══ DATA BLOCK ══
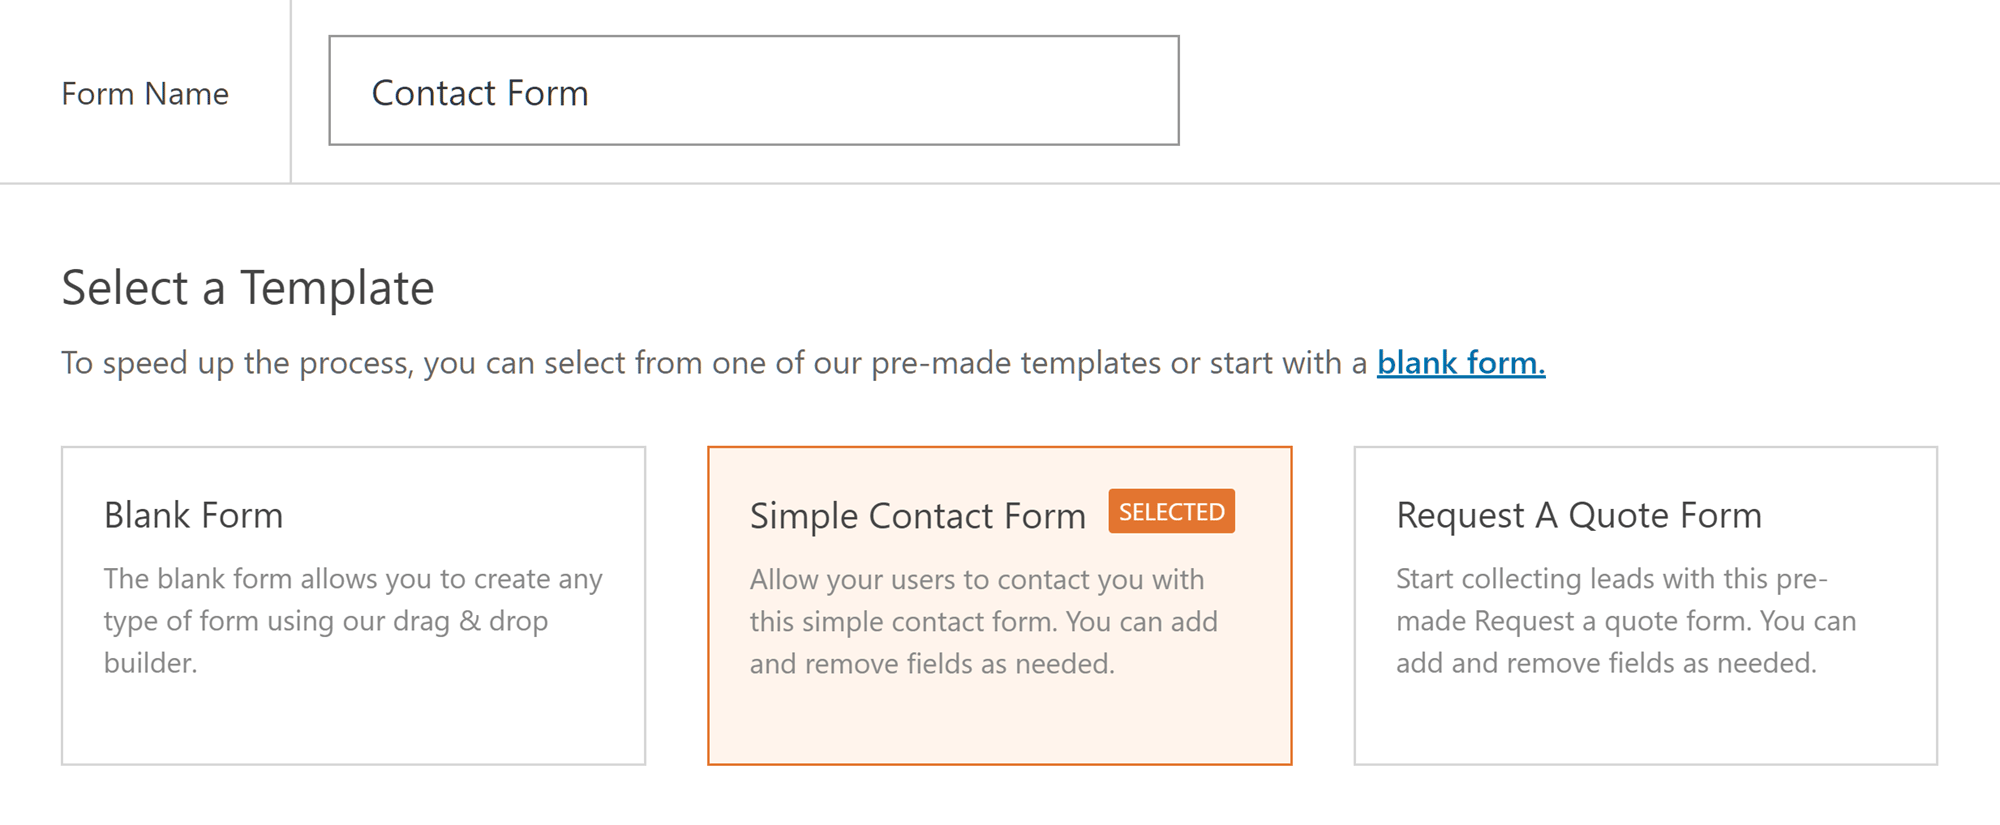 Creating a Contact Form with WPForms
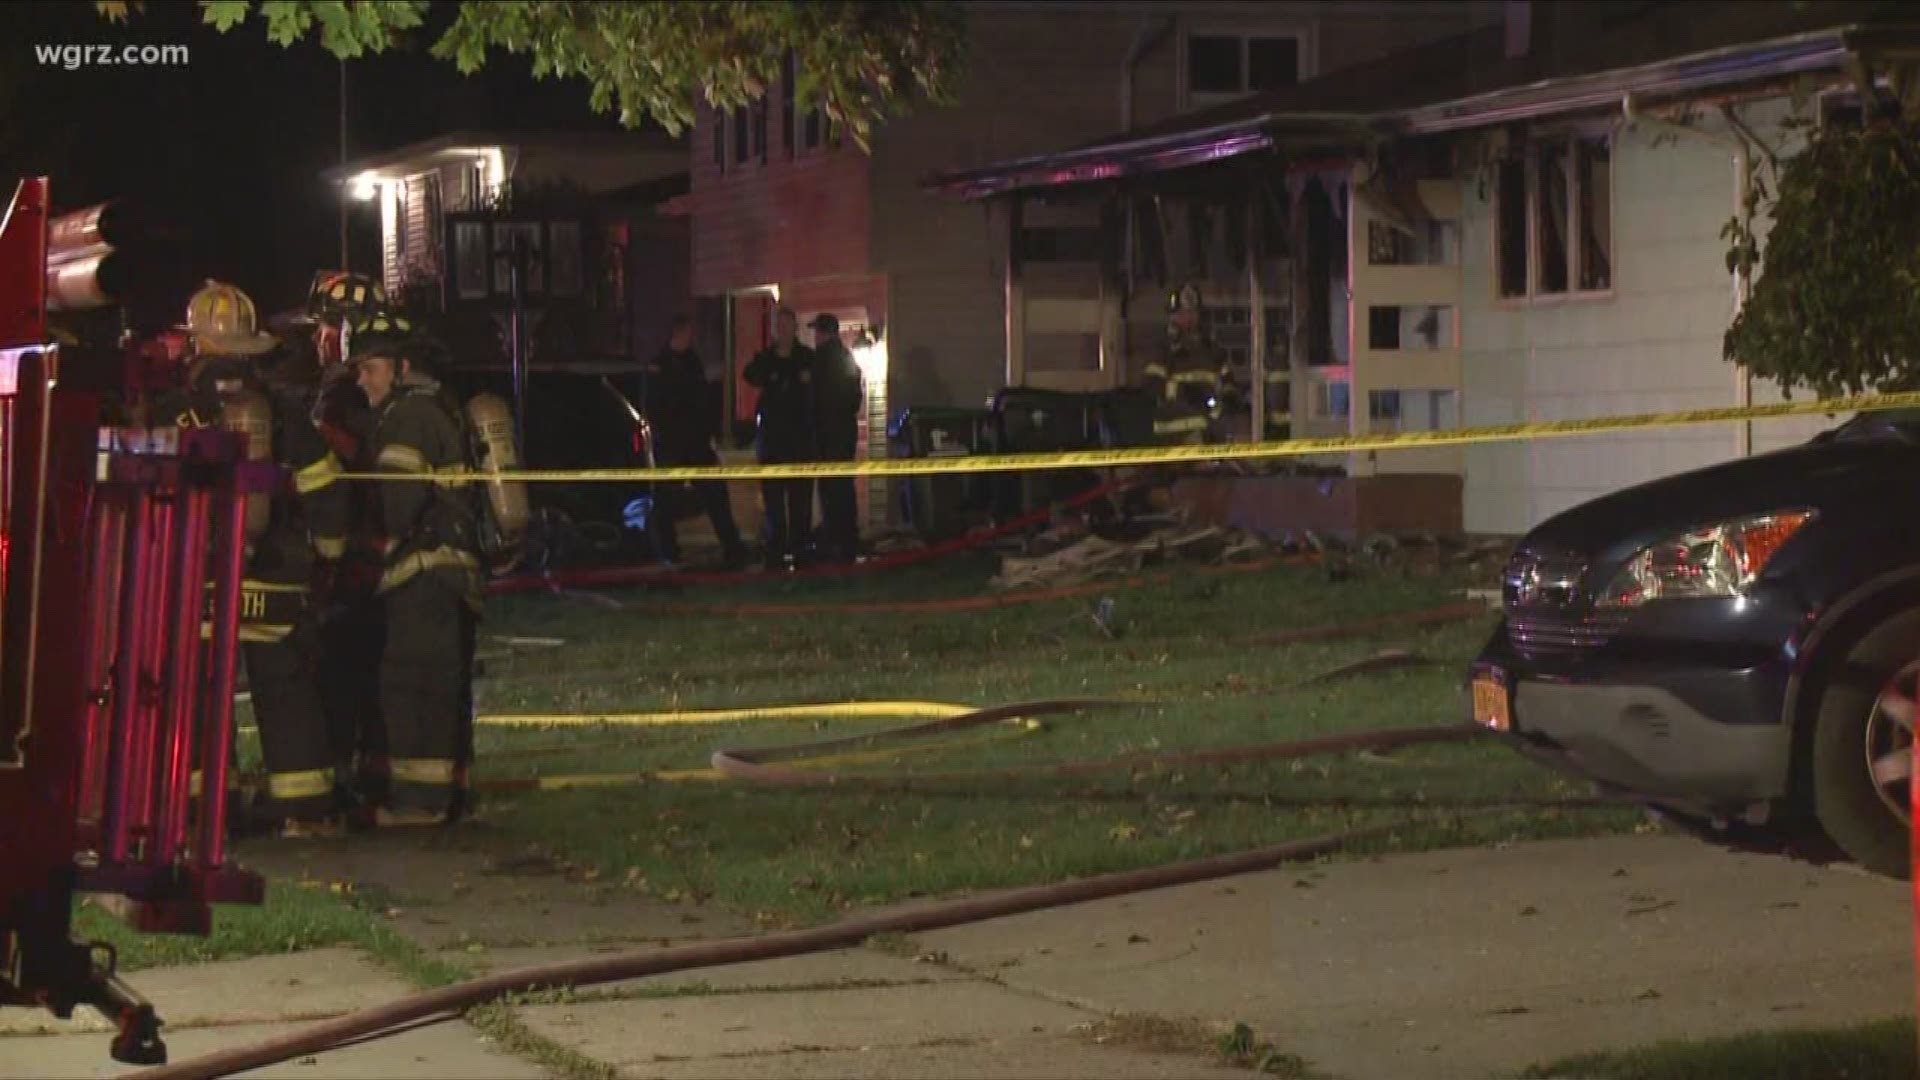 Child killed at overnight fire
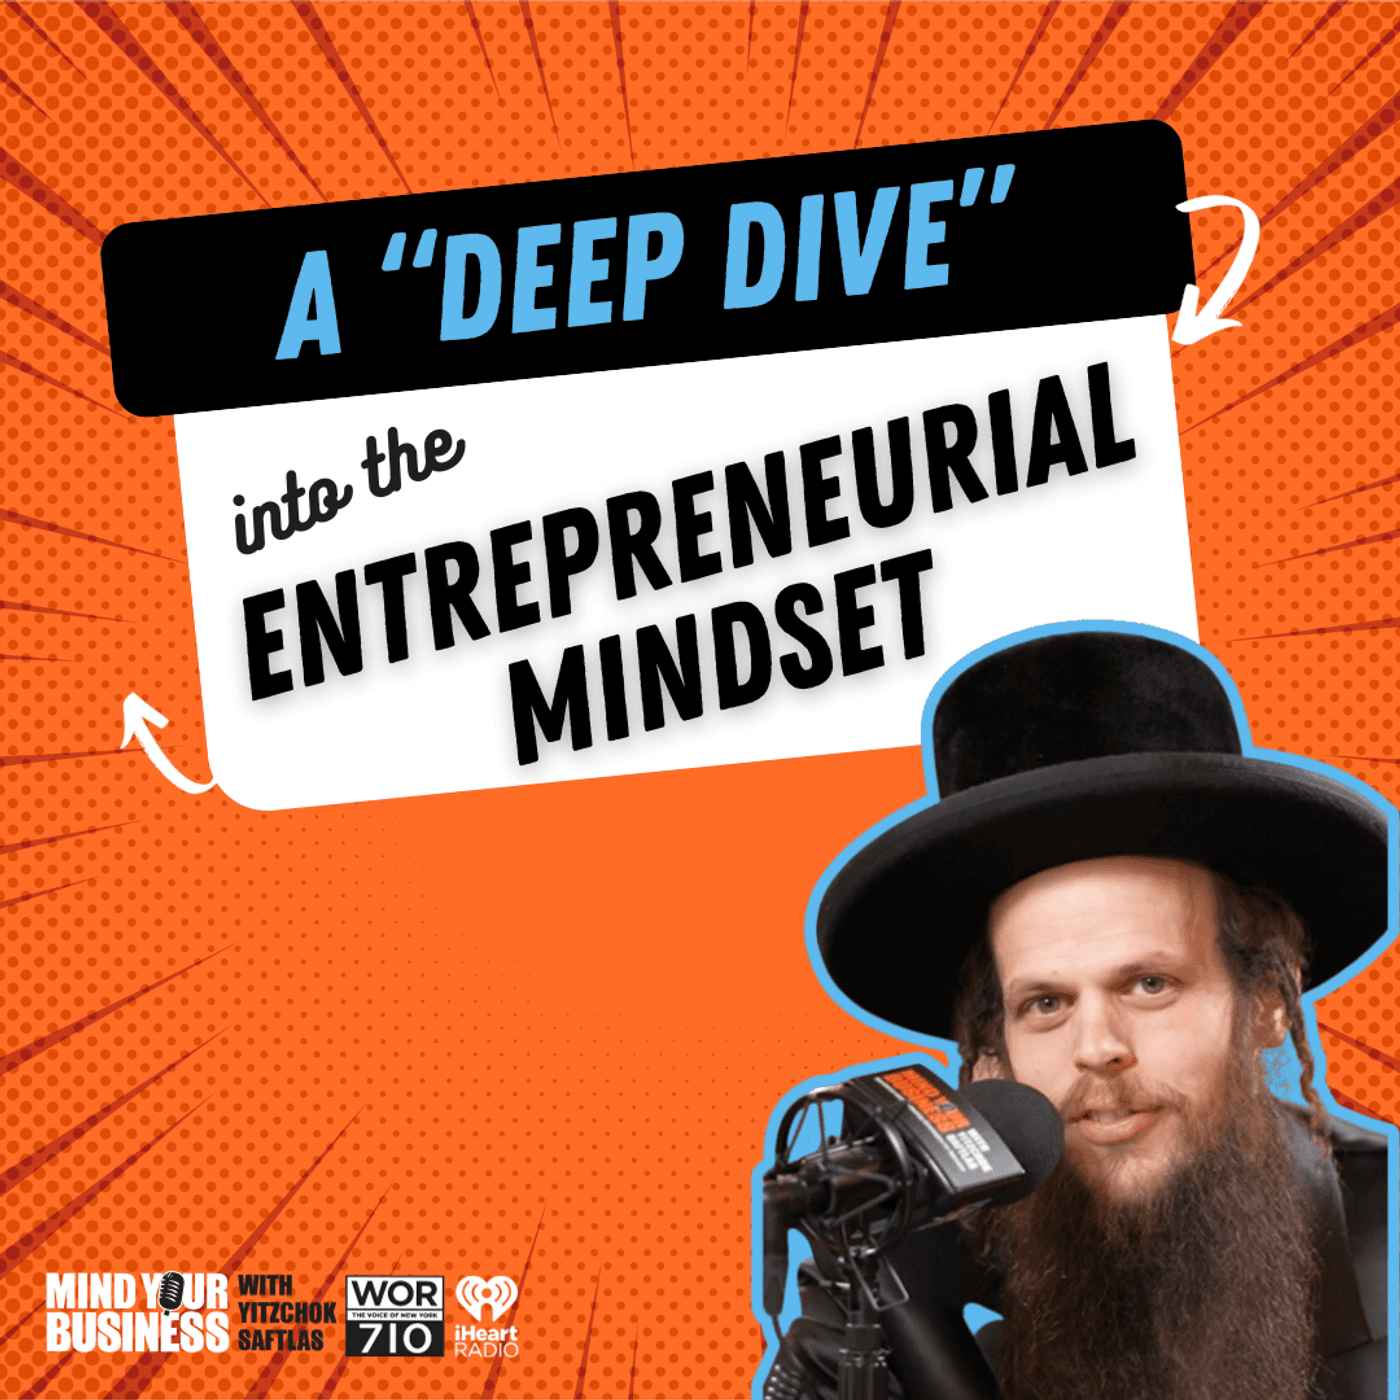 379: A “Deep Dive” into the Entrepreneurial Mindset featuring Rabbi Issamar Ginzberg
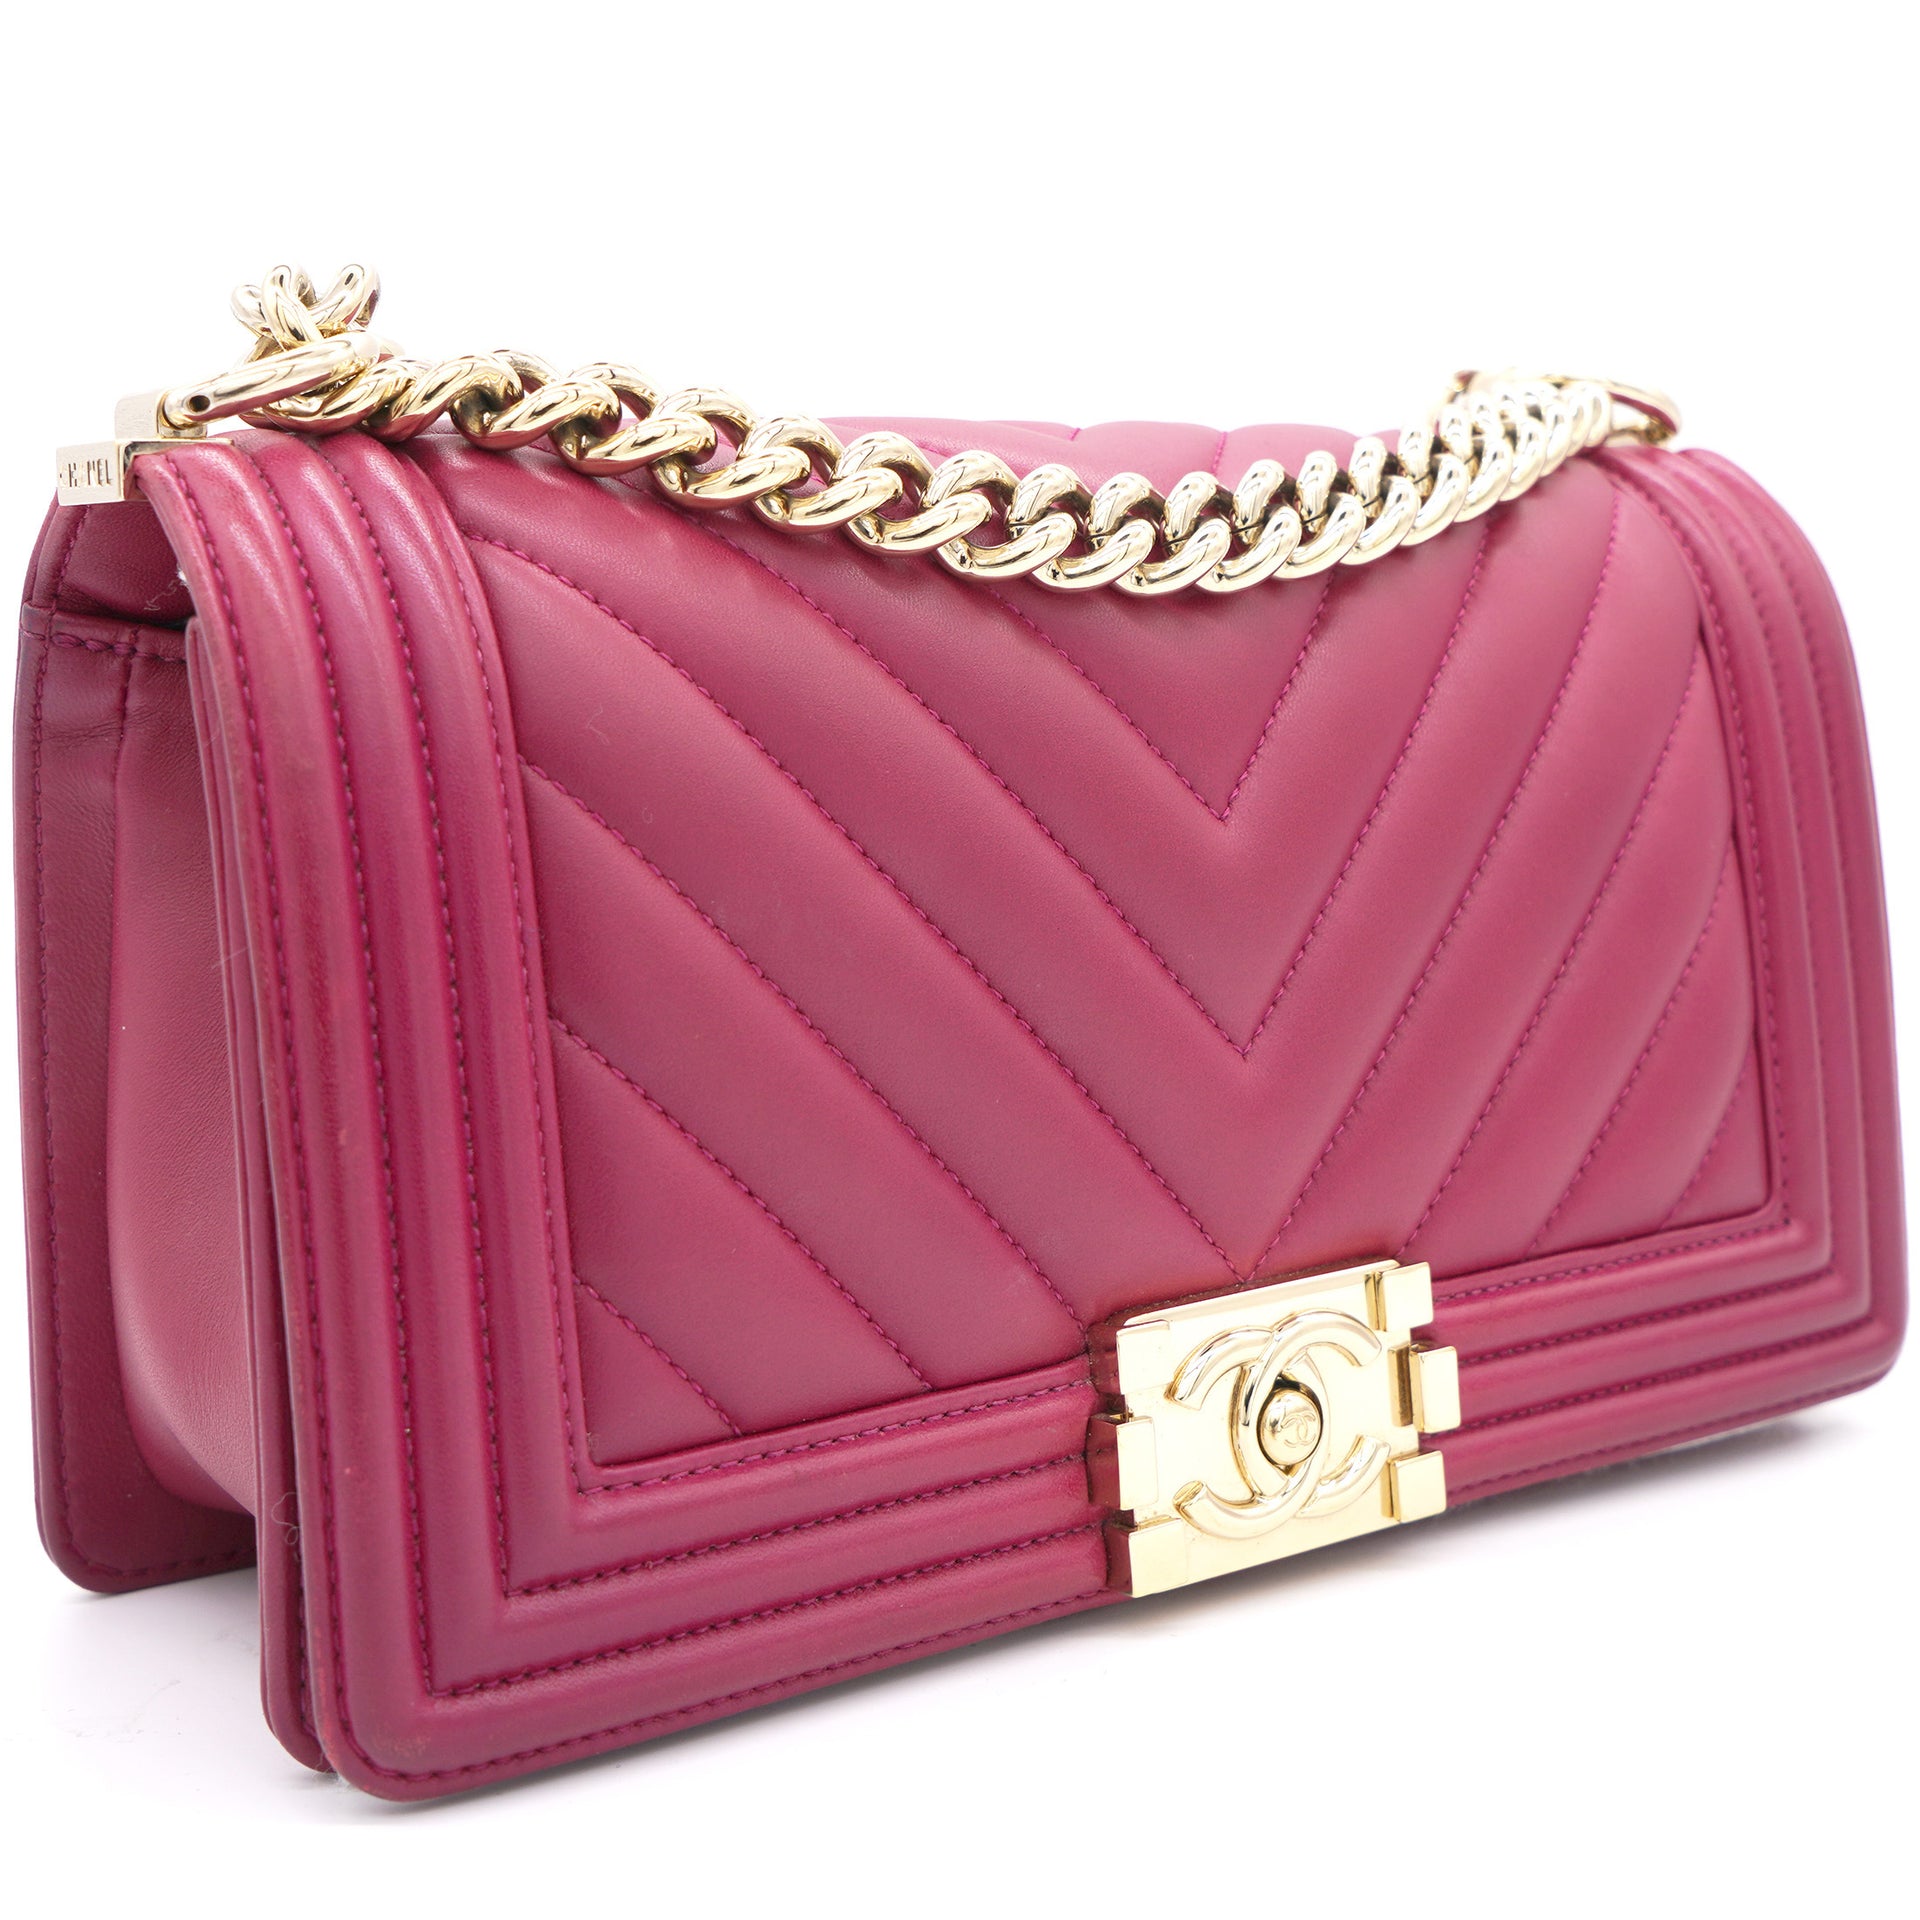 Chanel Lambskin Chevron Quilted Shoulder Bag Pink
═══
WORK TASK: All of the material above should be reproduced exactly, except the pictures.

RESPONSE TO THIS TASK:
 Creating a Contact Form with WPForms
 Child killed at overnight fire
 379: A “Deep Dive” into the Entrepreneurial Mindset featuring Rabbi Issamar Ginzberg
 Chanel Lambskin Chevron Quilted Shoulder Bag Pink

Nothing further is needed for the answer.